Hashing is a one way algorithm is used to convert data into a hashed string. It is not possible to get back to the original data from the hashed string. A hashed password would be stored in the database, and when the user tries to login, their input is hashed by the same algorithm. If it matches the one stored on file they are allowed in [26].
It may surprise the reader to learn that even some major businesses have neglected to encrypt passwords and users passwords have been leaked as a consequence. Some notable organisations who have fallen foul of this include the IEEE (2011) [27], Yahoo (2012) and Hotmail (2009) [28]. This makes it particularly easy for an attacker to access people personal information should they find access to the database.
While the methods in this section are strong, they still have vulnerabilities.
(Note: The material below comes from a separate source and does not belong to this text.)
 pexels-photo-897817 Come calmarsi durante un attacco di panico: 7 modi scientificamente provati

Suppose an attacker gets hold of the private key, they would be able to decrypt all data being transmitted.
It is expected in the not too distant future a new technology (a quantum computer) would be able to break 2048-bit RSA encryption 8 hours. While this isn’t a threat now, there is a risk that once a computer is capable of breaking RSA in such a short period of time RSA would no longer be a useful form of encryption. Should this be the case, we would need newer and faster algorithms to encrypt our data [29].
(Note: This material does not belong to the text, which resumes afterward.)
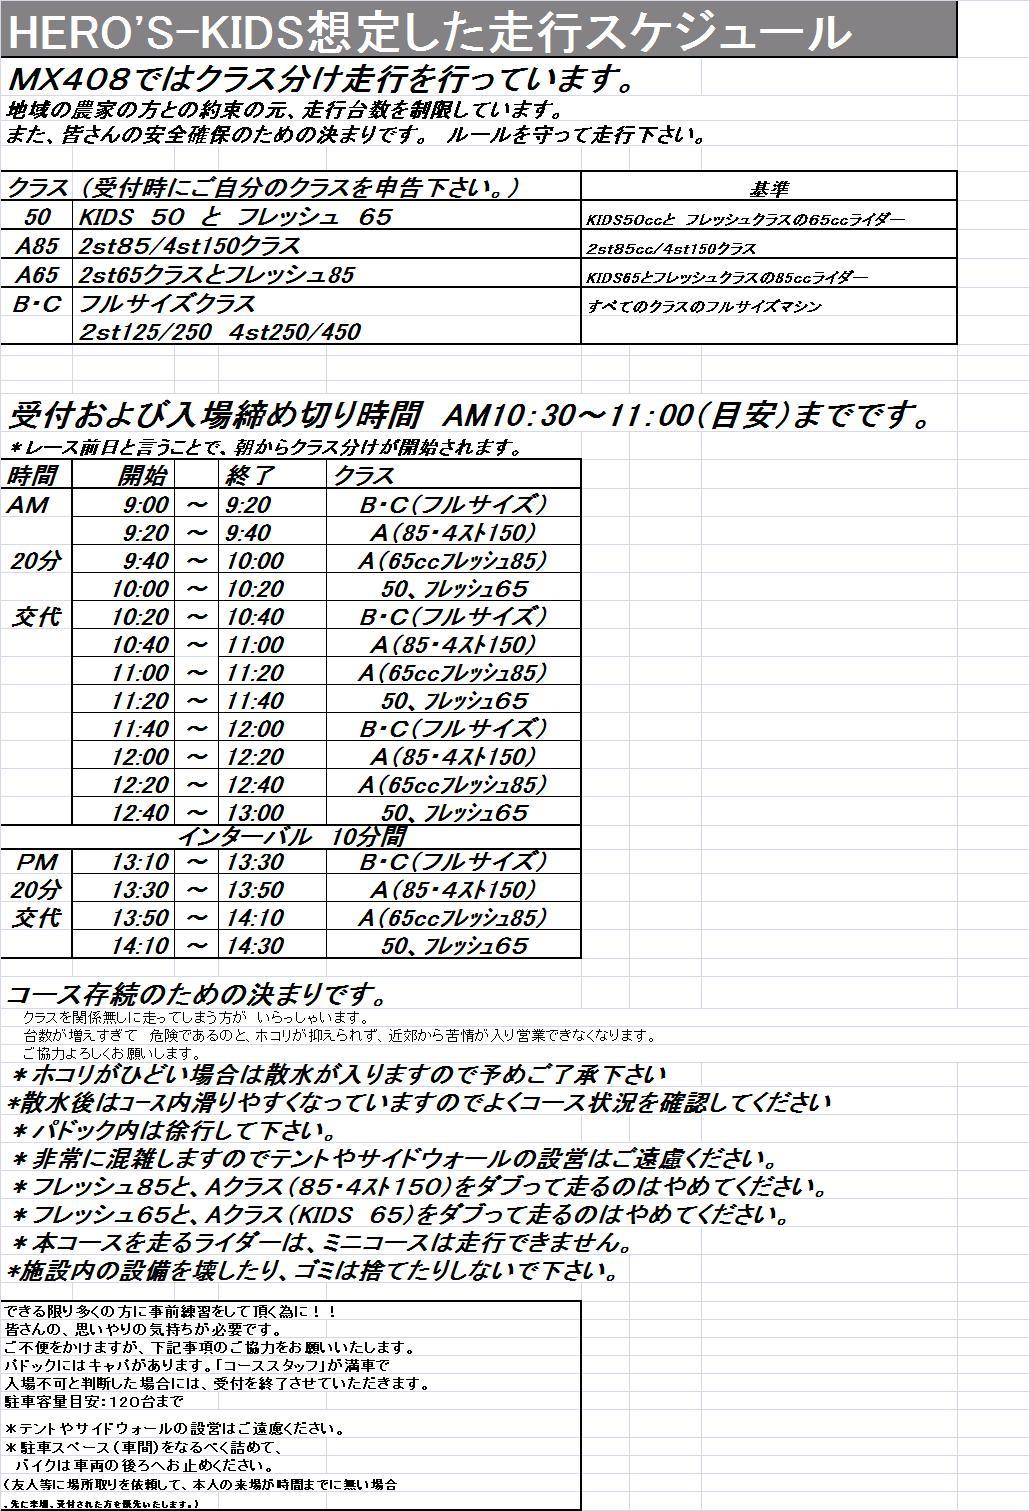 12/12タイムスケジュール_f0158379_2032433.jpg

Returning to hashing, as discussed in the previous subsection. While it is not possible to reverse the algorithm, there is still a vulnerability. Suppose an attacker got hold of a list of hashed passwords, and knew the algorithm used. They could uncover the passwords by brute force. If the attacker hashed all possible commbinations, and for each output checked the list of hashed strings, whenever they find a match they would know that they have found the password used to generate that hash. By doing this they would be able to slowly crack a list of hashed passwords [30].
In this report, we have considerd a selection of key encryption methods, some of which are in use today, and some of which are no longer sufficiently secure.
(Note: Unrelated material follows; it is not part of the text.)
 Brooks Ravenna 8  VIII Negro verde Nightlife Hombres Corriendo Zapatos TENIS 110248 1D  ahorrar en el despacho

It is clear that over time, as computers get faster and more advanced, existing encryption methods become easier to crack. However, at a similar rate more layers of complexity can be added to existing methods without increasing computation time, more methods can be strung together, and methods emerge.
It is likely that for the forseeable future the encryption landscape will remain the same, with algorithms being phased out and replaced by newer algorithms, and keys getting longer, as computers get faster. It is likely that the only significant encryption vulnerabilities will arise from poor practice, and failing to encrypt data.
However, there is a concern that if a fully working quantum computer could be developed too soon, keys could be cracked too quickly. It is possible that standard non-quantum computers would be unable encrypt data with sufficiently long keys using the current methods without adding significant time overheads. If this were to happen, it wouldn’t spell an end to secure communication, however it would make the tradeoff between security and efficiency more obvious.